Why do the vast majority of DeFi projects ultimately turn into short-term incentive games, where once the funds are distributed, the hype disappears, and users follow suit?


Recently, I’ve been looking at @RiverdotInc and found that their way of breaking this vicious cycle is quite interesting. Instead of continuing to compete over APY, they directly change the distribution logic to separate capital and contribution.
The traditional model is simple: you provide liquidity and earn rewards, but River adds an extra layer with @River4fun, allowing activities like content creation, promotion, and governance participation to also generate income. Moreover, these earnings are not one-time but accumulate into Points, which are eventually mapped to tokens.

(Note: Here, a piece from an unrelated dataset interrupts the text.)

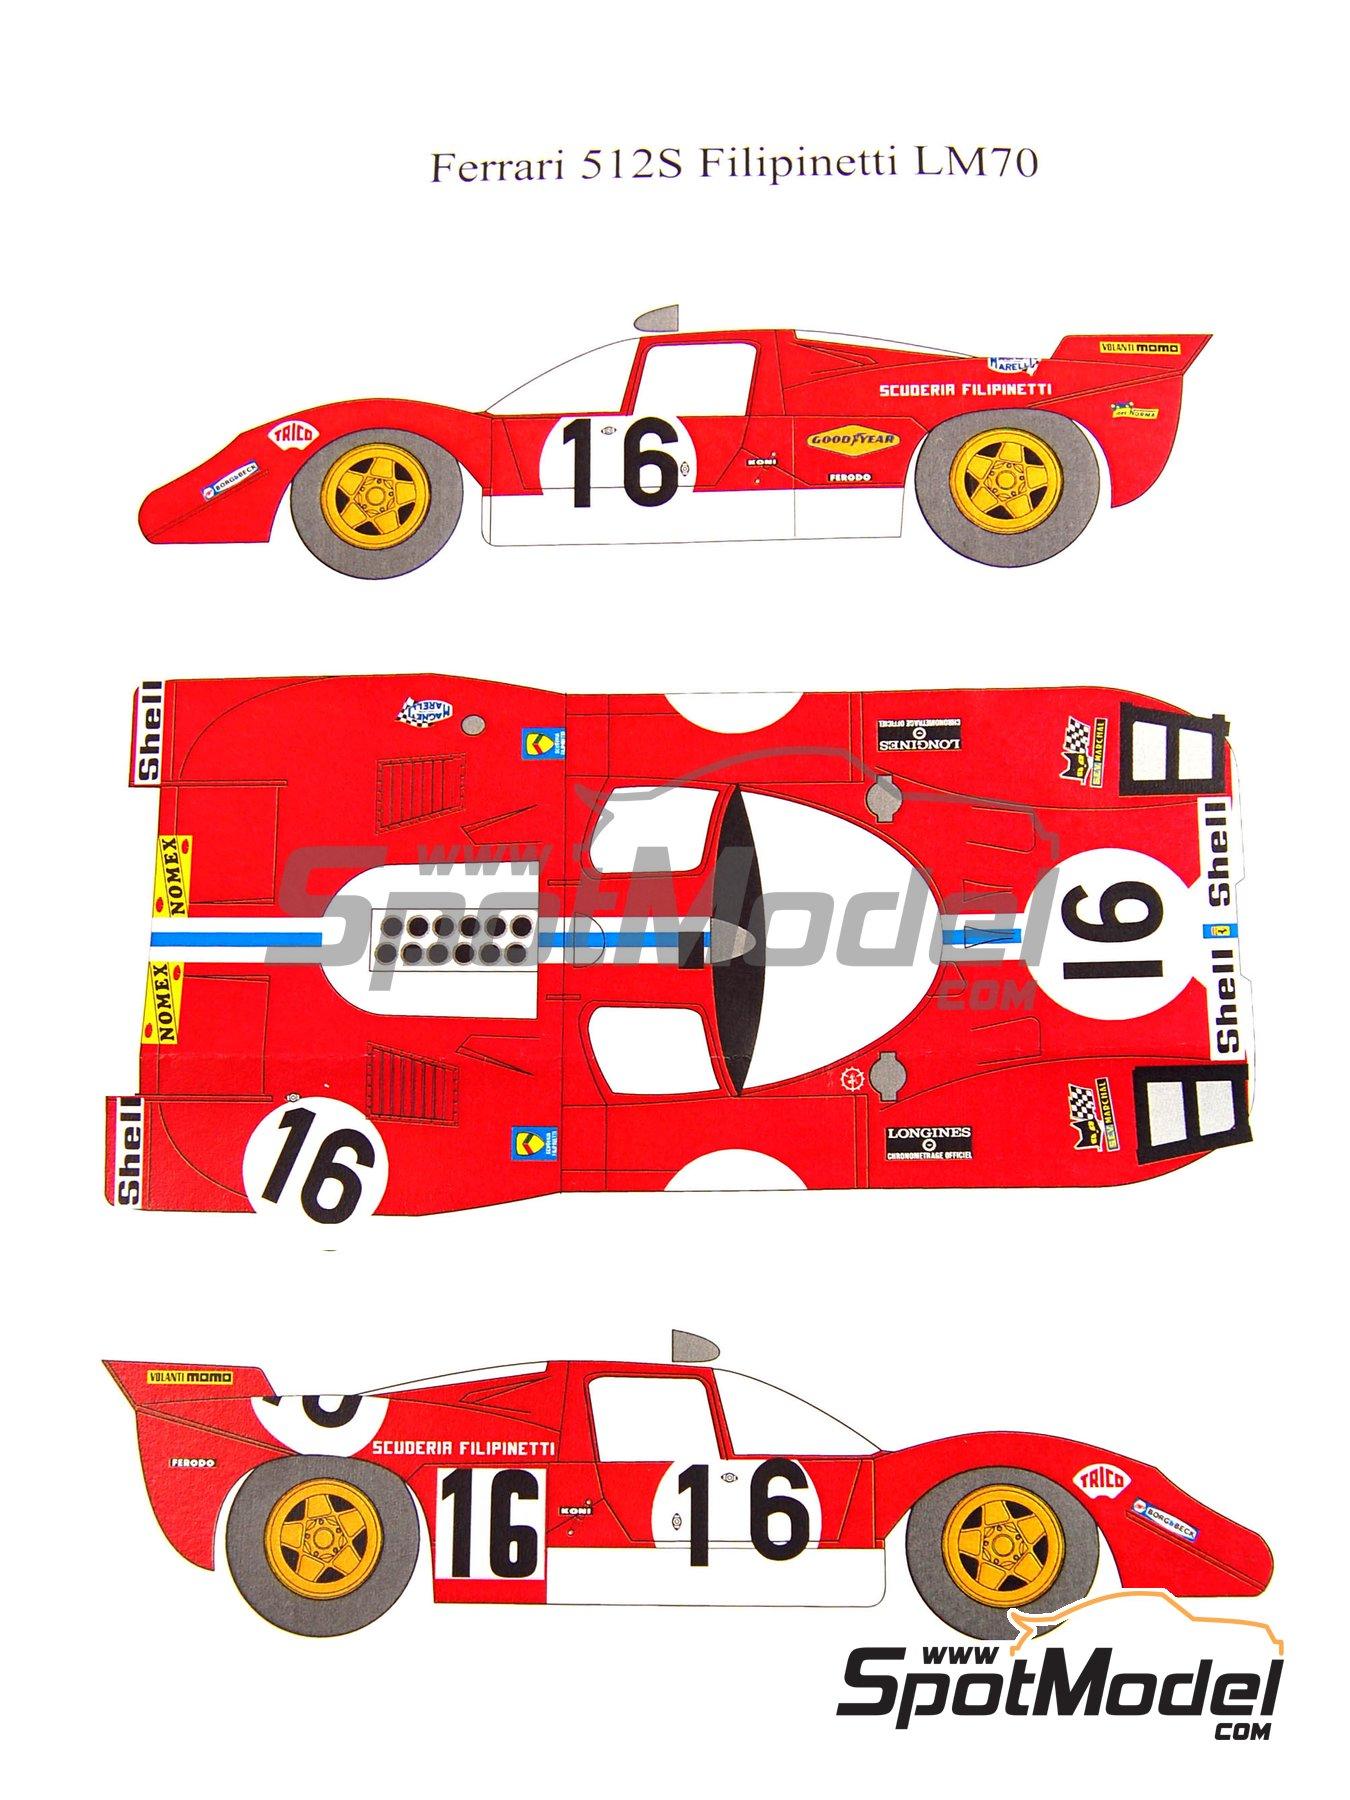 Ferrari 512S Scuderia Filipinetti - 24 Horas de Le Mans 1970 | Decoración en escala1/24 fabricado por Renaissance Models (ref.TK24-321D) image

The key point is that it doesn’t completely abandon capital but adopts a layered structure. You can participate purely through content, or increase your influence by staking assets, and there’s no lock-up restriction. This is actually very friendly to liquidity users.
From a mechanism design perspective, this is quite a challenging task—integrating capital contribution and cognitive contribution into a unified incentive function, and using algorithms to measure content quality and influence.
This kind of model will definitely face skepticism in the short term because it looks like SocialFi, but at its core, it’s built around infrastructure for stablecoins and cross-chain liquidity.
In other words, while River appears to be doing attention mining on the surface, it’s actually orchestrating cross-chain capital flow underneath. The dissonance between the superficial narrative and the underlying structure is what makes it most interesting.
If DeFi truly enters a phase of stock competition in the future, relying solely on capital incentives will no longer be enough. Those who can turn user behavior itself into assets will have the potential to gain a long-term advantage.